Print out the data that follows exactly, character for character, apart from the pictures.

Information shown →
#####
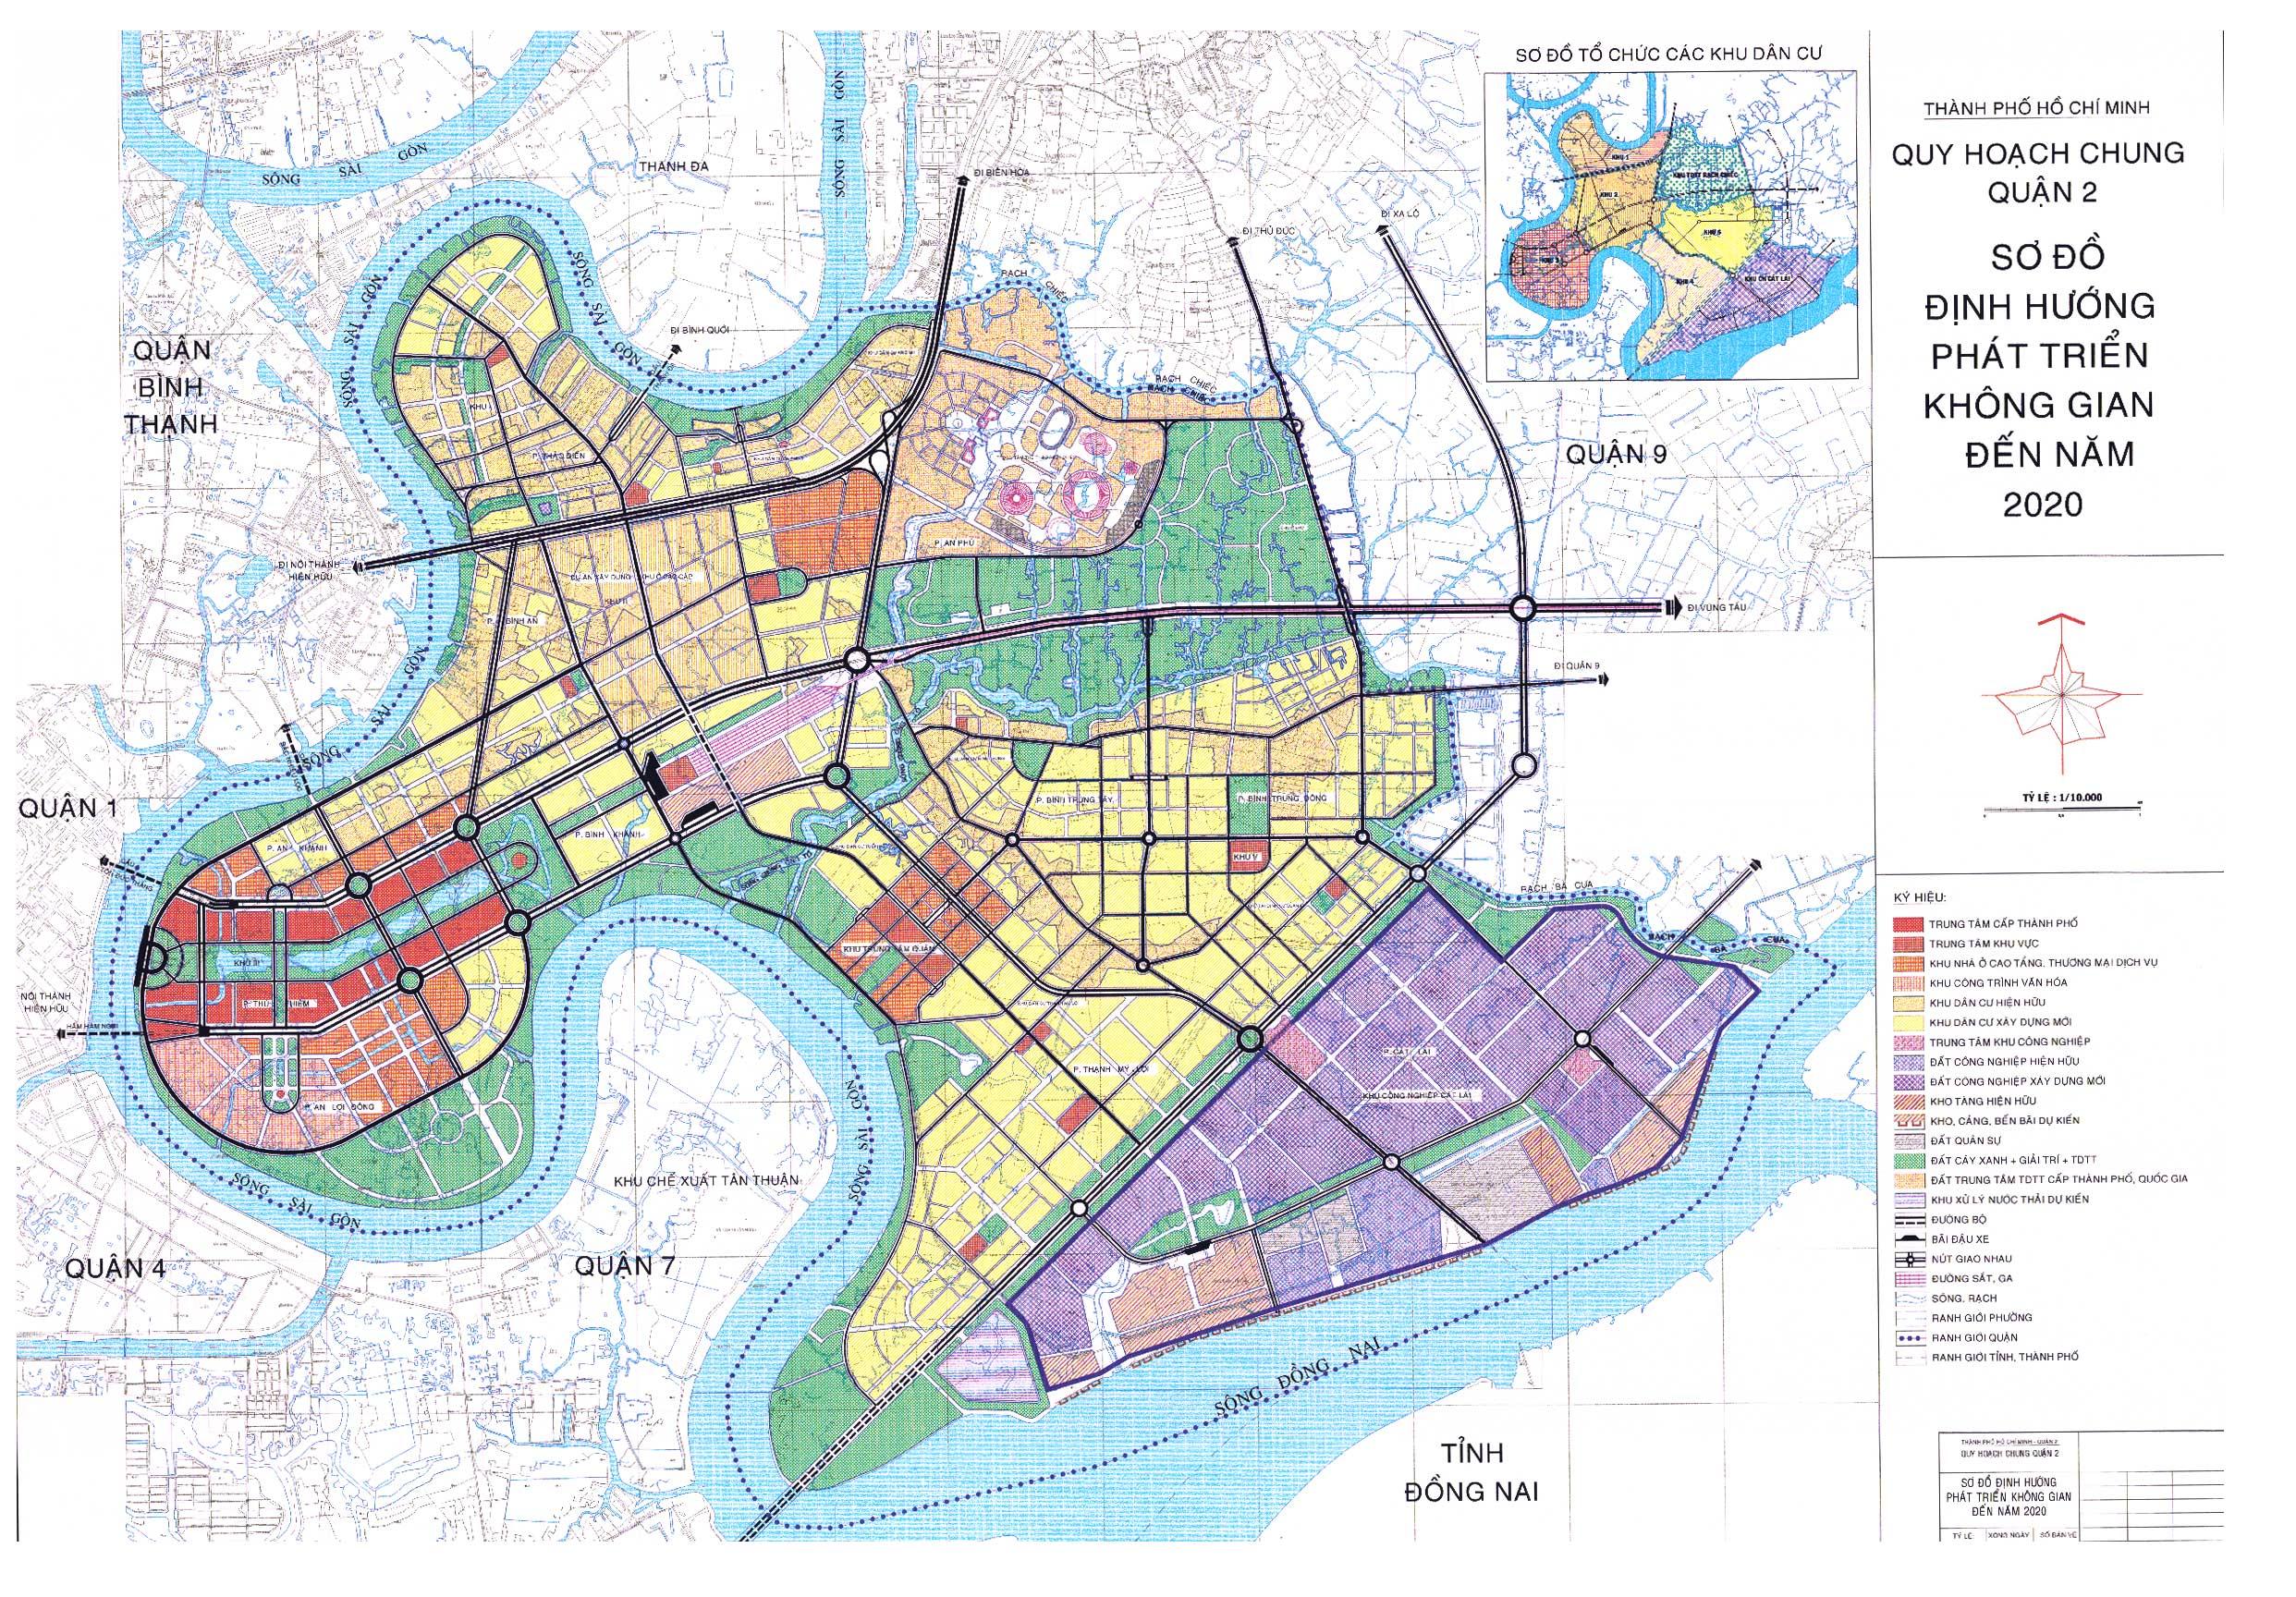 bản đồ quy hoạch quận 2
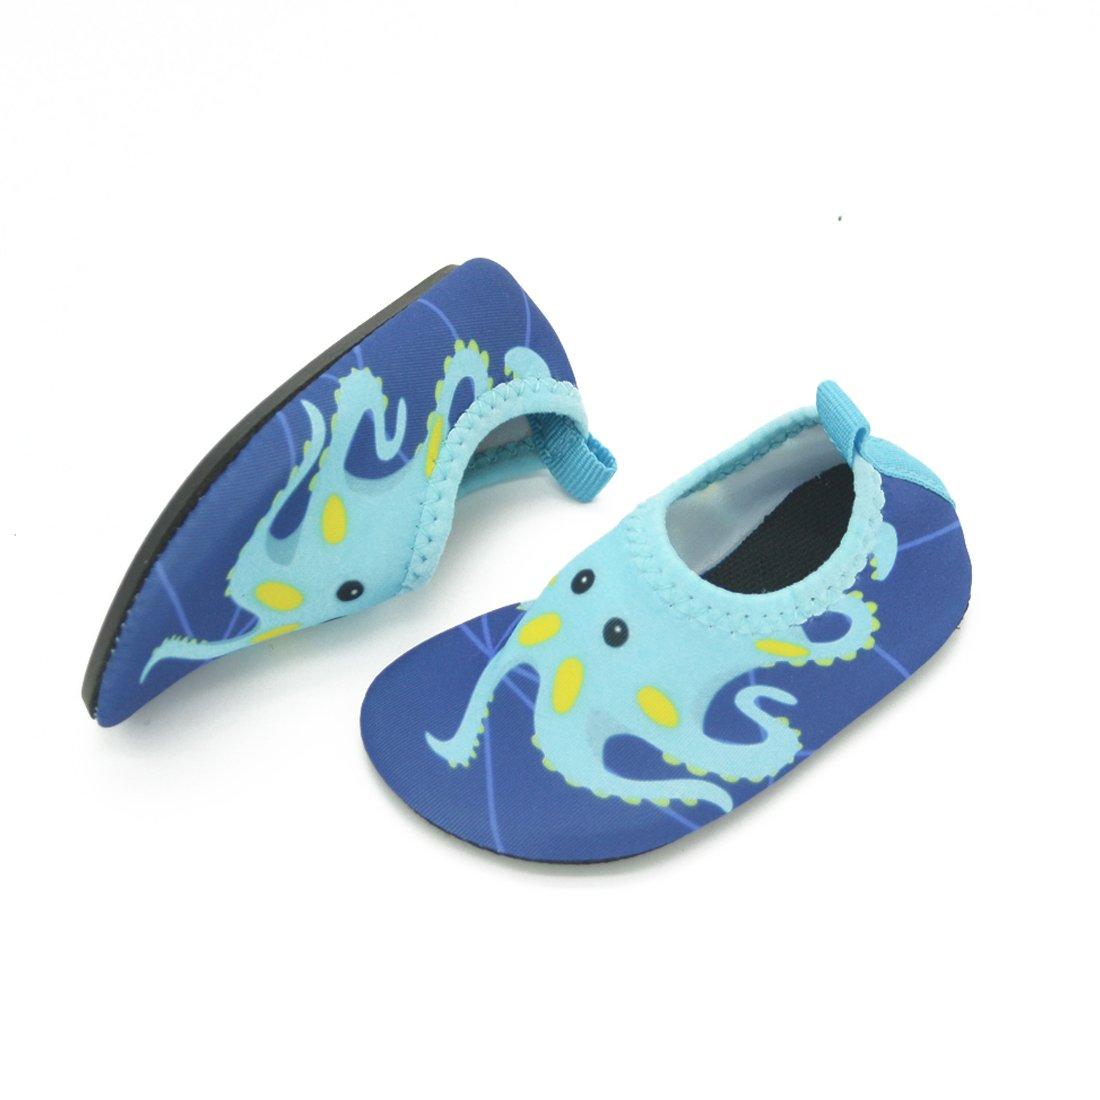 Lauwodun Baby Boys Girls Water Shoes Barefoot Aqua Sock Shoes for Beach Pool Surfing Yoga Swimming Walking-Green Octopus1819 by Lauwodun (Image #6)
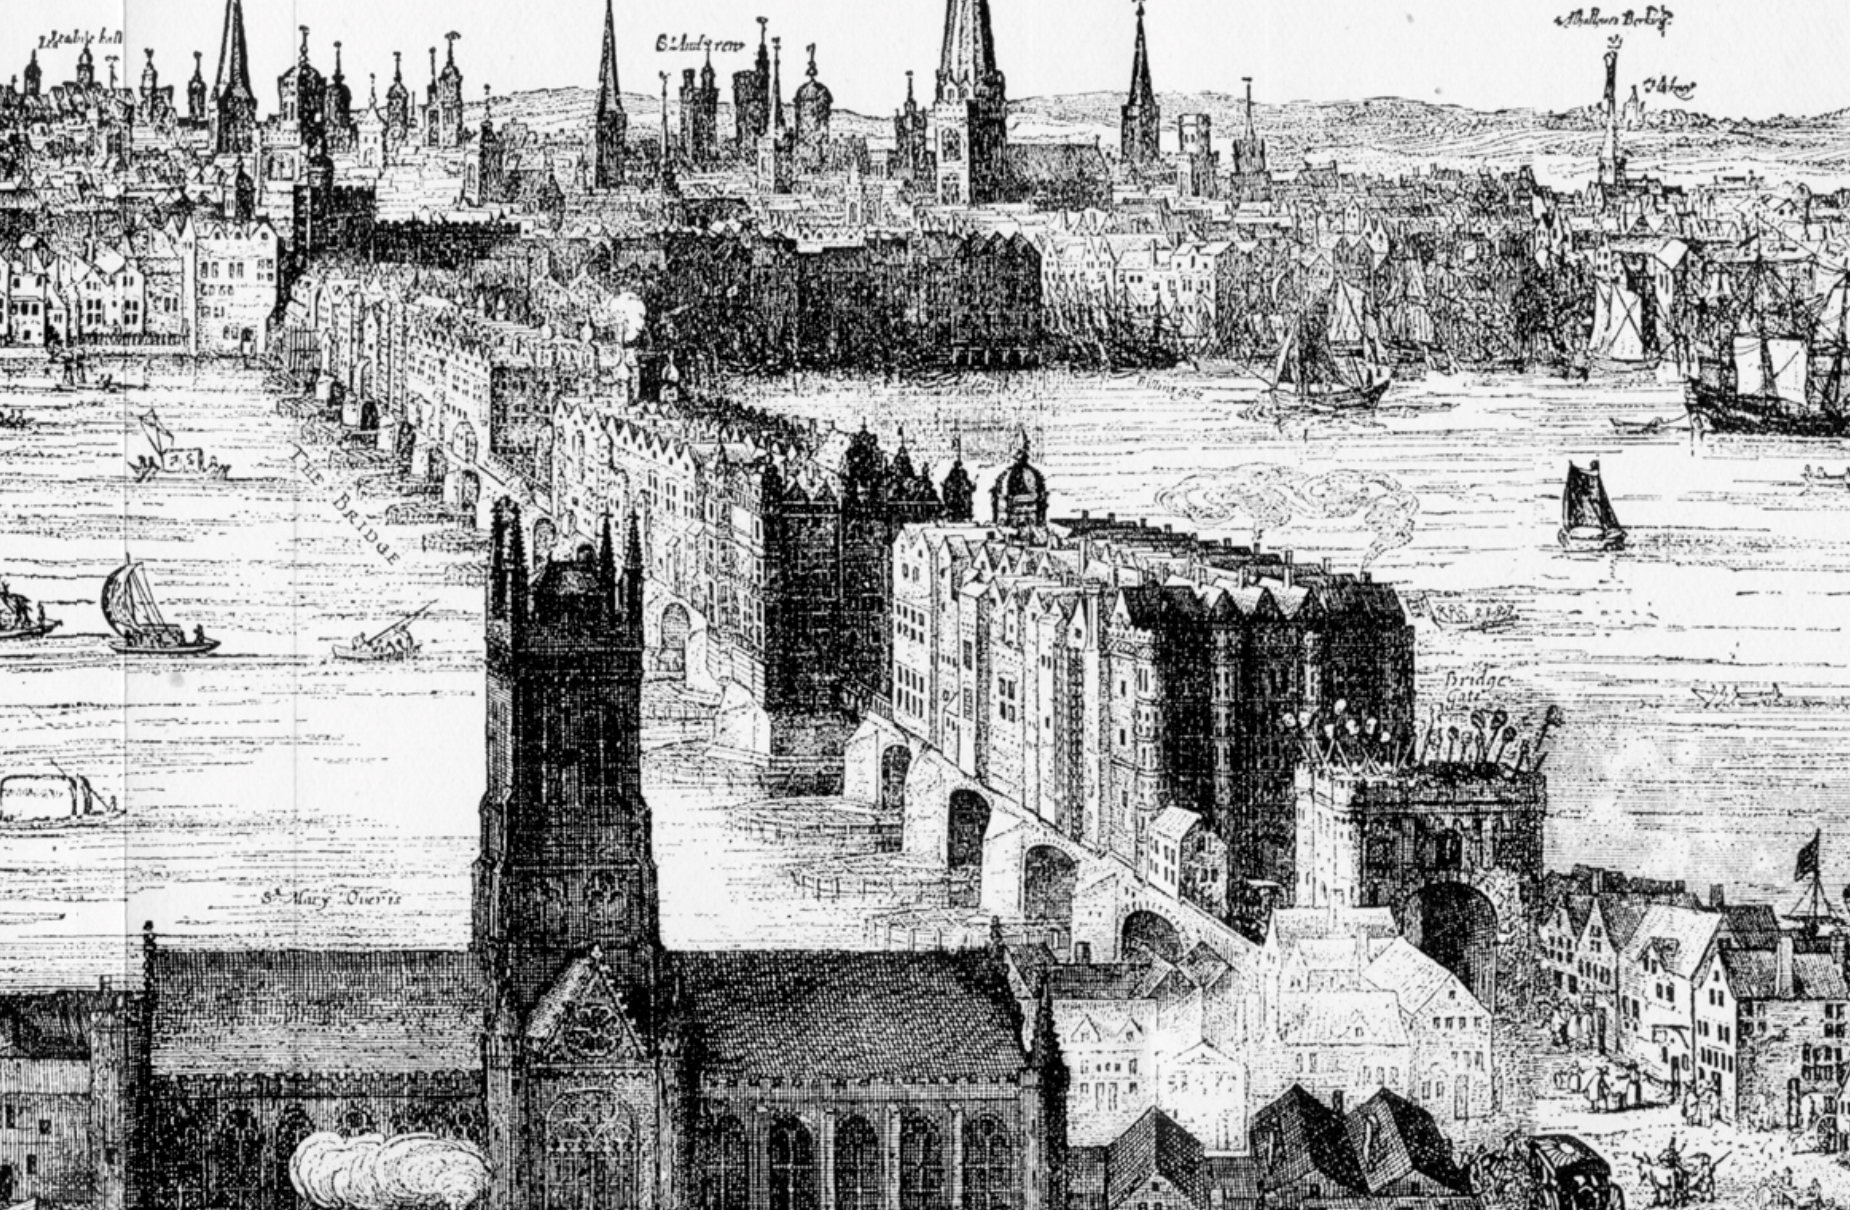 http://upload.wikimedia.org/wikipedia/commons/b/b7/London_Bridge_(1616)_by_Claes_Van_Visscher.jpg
#####
Written solution →
 bản đồ quy hoạch quận 2
 Lauwodun Baby Boys Girls Water Shoes Barefoot Aqua Sock Shoes for Beach Pool Surfing Yoga Swimming Walking-Green Octopus1819 by Lauwodun (Image #6)
 http://upload.wikimedia.org/wikipedia/commons/b/b7/London_Bridge_(1616)_by_Claes_Van_Visscher.jpg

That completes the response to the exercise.